The enhancing adhesion effect of the cervical exfoliative cells on GOPS-PLL coated slide was examined. As a control, the cervical exfoliative cells were also fixed on the bare slides and traditional PLL coated slides. The cell morphology was visualized after fixing and staining the adherent cells with Papanicolaou stain. And another control test was conducted on the epoxide terminated glass slides. Cells on the bare slides and the epoxide terminated slides do not adhere well to the hydroxyl and the epoxy groups (Fig. 4A and B). These two control tests of the two different methods showed no significant differences. However, the PLL coated slides and GOPS-PLL coated slides provided strong cell adhesion (Fig.4B and C). Adhesion to these modified slides was increased because of the higher film surface roughness indicated. The surface roughness of the substrates has been shown to play an important role on cell adhesion [18], [19], [20], and cell adhesion strength enhanced is associated with increased surface roughness [19]. However, the cell morphology was not significantly affected by the modification methods of the slides, the color of the cells showed a little different. And the cells on the GOPS-PLL coated slide were more uniform than those on the PLL coated slide, facilitating the cytological observation and number counting.

Figure 4

Photomicrographs of cervical exfoliative cells on different glass slides. (A), (B), (C) and (D) indicated unmodified slide, epoxide terminated slides, PLL coated slide and GOPS-PLL coated slide, respectively (Pap, original magnification ×100).

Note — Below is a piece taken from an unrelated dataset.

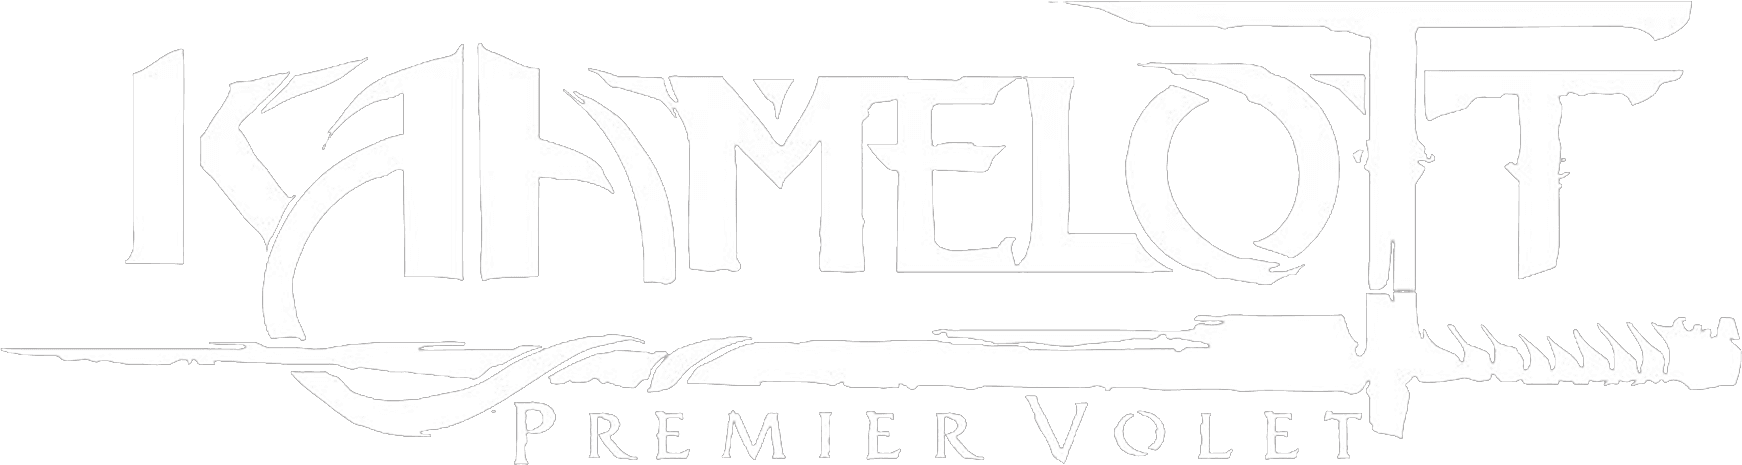 Kaamelott: The First Chapter logo

Analysis of exfoliative cells on different substrates

Quantitative data of adhesive cells on different slides are shown in Fig. 5. The number of the cervical exfoliative cells on the unmodified slides, PLL coated slides and GOPS-PLL coated slides was 1030±300, 3283±226 and 4119±280 (n=12), respectively. Significant differences in cell adhesion were found among the three different modification methods (ANOVA test, P<0.05). The number of adhered cells on GOPS-PLL coated slides was the largest among three different kinds of glass slides.

Figure 5

Data of cervical exfoliative cells on different coated glass slides (n=12, error bars indicate standard deviations). ** data indicated significant differences (ANOVA test: P<0.05). Number of cervical exfoliative cells on the unmodified slide, PLL coated slide and GOPS-PLL coated slide was 1030±300, 3283±226 and 4119±280, respectively.

Conclusion

This work designed a new modification method of slide used in the ThinPrep system, and the Pap smears were produced by fixing the exfoliative cells on the GOPS-PLL coated slides. This GOPS-PLL coated slide could enhance the cell adhesion effect and improve the uniformity of adhered cells. In addition, it would be widely applied to the ThinPrep system for cervical cancers screening to increase the accuracy rate of diagnosis.